In re Polycom and the SEC’s Continued Focus on Internal Controls

People at a Table

Over the past year, the SEC and other regulatory agencies have initiated an increasing number of investigations into companies based on allegations of inadequate internal controls and/or a system for reporting those controls. For more on internal controls and a discussion of recent regulatory activity in this area, see Jason M. Halper & Jonathan E. Lopez, et al., Assessing the Increased Regulatory Focus on Public Company Internal Control and Reporting, Bloomberg BNA: Securities Regulation & Law Report, Oct. 6, 2014.

“Internal controls” are the procedures and practices instituted by a company to manage risk, conduct business, protect assets, and ensure that its practices comply with the law and company policy.  After making public comments identifying internal controls as an “important issue” and an “ongoing area of focus” in mid-2014, the SEC entered into a number of settlements with companies in connection with allegedly insufficient internal controls.  The latest of these settlements is with Polycom, Inc., a California-based communications technology company (“Polycom” or the “Company”).

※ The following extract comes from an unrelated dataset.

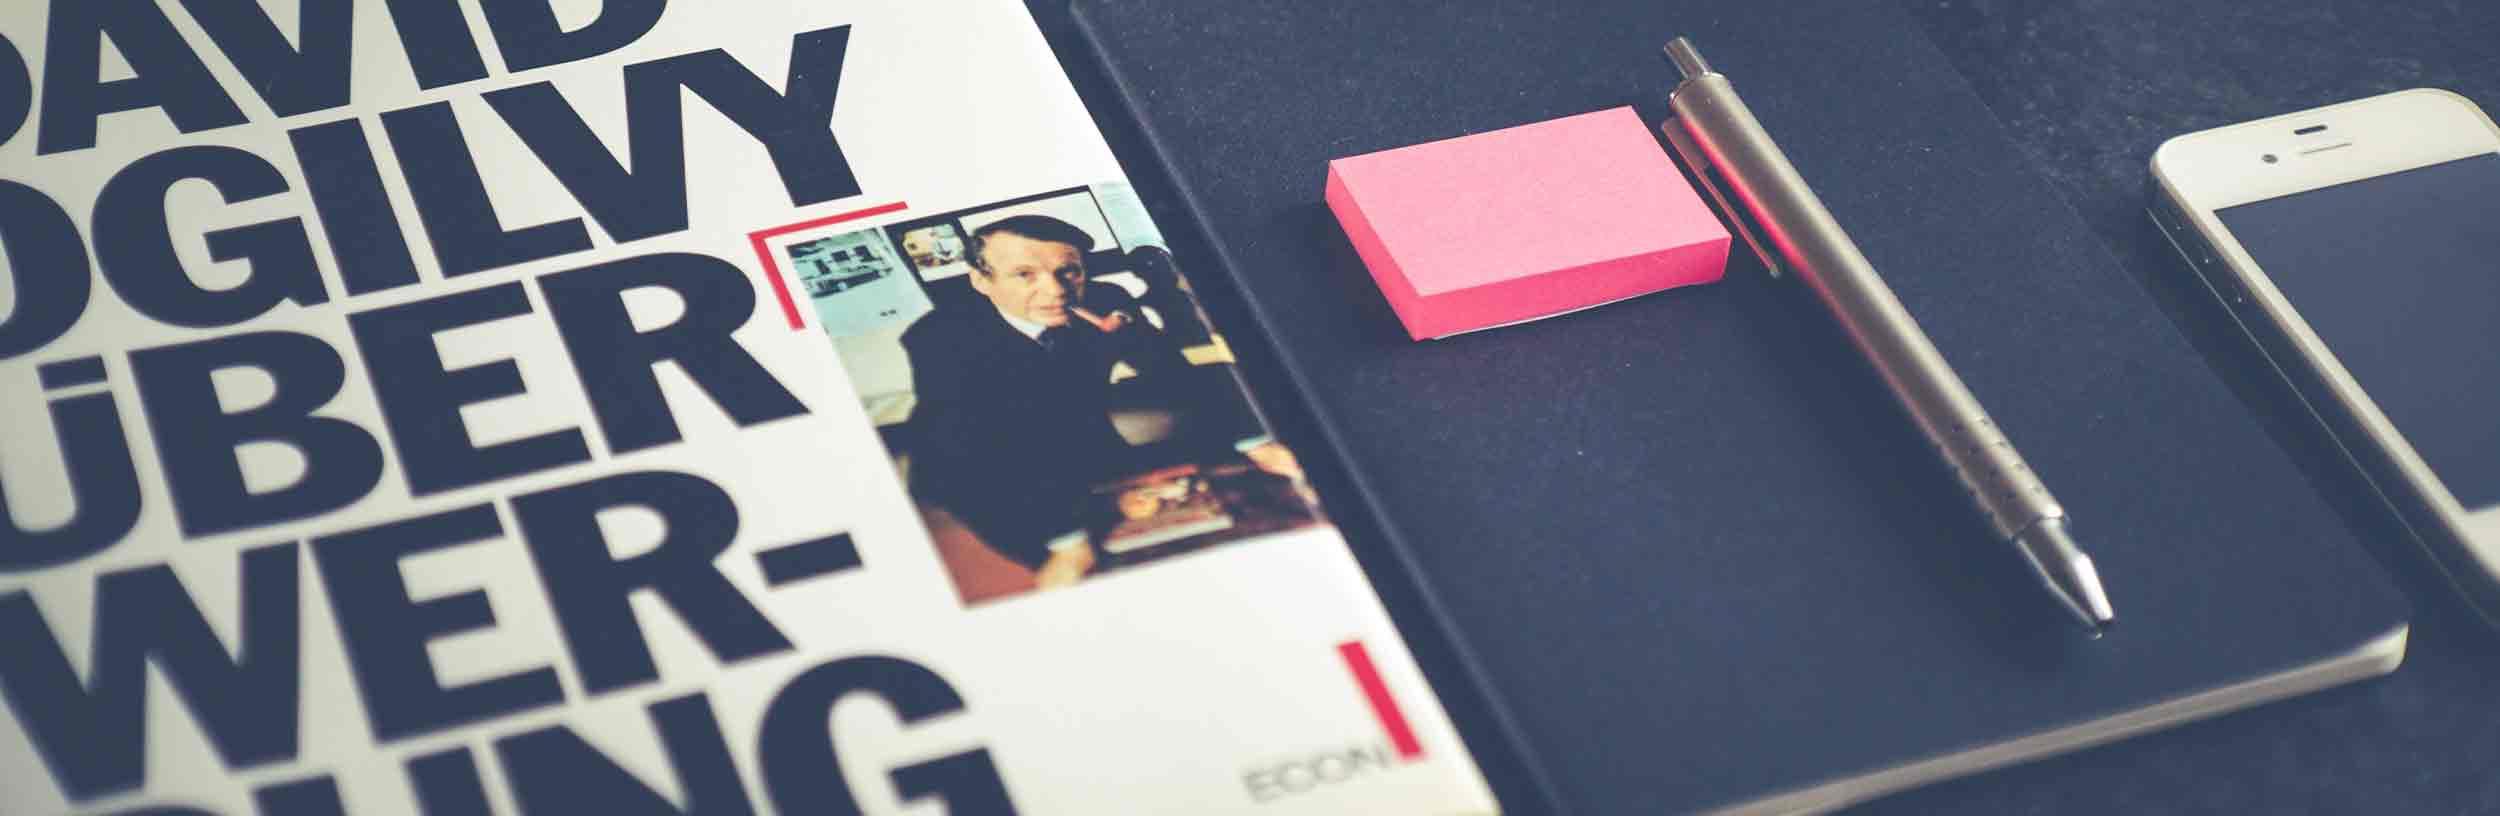 Bessere Beratung für Internetseiten durch mehr Wissen: Das Vorbild für die Textagentur MAINKA in Hamburg. Ein Buch ist abgebildelt von dem berühmten Copywriter Ogilvy

By way of background, on March 31, 2015, the SEC brought charges against Polycom’s former CEO, Andrew Miller, alleging that Miller used $190,000 in Company funds over three years to pay for personal expenses such as:

  • clothing and accessories;
  • tickets to professional sporting events;
  • plants and an in-home plant-watering service; and
  • travel expenses, including flights to Indonesia and South Africa for Miller and his girlfriend, luxury accommodations, food, entertainment and spa treatments.

For each of these expenses, Miller provided false business descriptions that were recorded as support for the charges.  Irregularities in Miller’s expense reports were uncovered by Polycom’s audit committee in July 2013, after which Miller resigned his position with the Company.

On the same day it brought charges against Miller, the SEC issued a cease and desist order outlining a settlement agreement with Polycom.  The SEC found that Polycom violated Section 14(a) of the Securities Exchange Act of 1934 by failing to disclose in the executive compensation portion of its annual proxy materials the nature of the personal expenses that Miller had received.  Additionally, the SEC found that Polycom had violated Section 13 of the Exchange Act by failing to maintain adequate internal controls.  Section 13 requires reporting companies to “devise and maintain a system of internal accounting controls sufficient to provide reasonable assurances” that a company’s transactions are executed in accordance with management’s authorization and properly recorded to maintain accountability for assets.  Specifically, as to the internal controls failures, the SEC noted that there was insufficient oversight over Polycom’s corporate “purchasing cards” and air travel booking.

Polycom agreed to “cooperate fully” with the SEC’s investigation, including producing relevant documents and making its directors, officers and employees available for SEC interviews.  Polycom also agreed to pay a $750,000 penalty and “cease and desist” from future violations of the securities laws.  The case against Andrew Miller continues in federal court.  See SEC v. Miller, 3:15-cv-01461 (N.D. Cal.).

Given the increased regulatory focus in this area, companies and their counsel should ensure that procedures are in place to evaluate on an ongoing basis the sufficiency and effectiveness of internal controls.  In particular, companies are advised to: (i) administer a full assessment of the existing internal controls and reporting systems and determine improvements or enhancements if necessary, (ii) publicize to employees on a regular basis their internal control-related obligations (as well as a method for reporting violations and deficiencies), (iii) institute procedures for handling reports from employees, and (iv) make sure that senior personnel are kept informed and are actively involved in internal control compliance.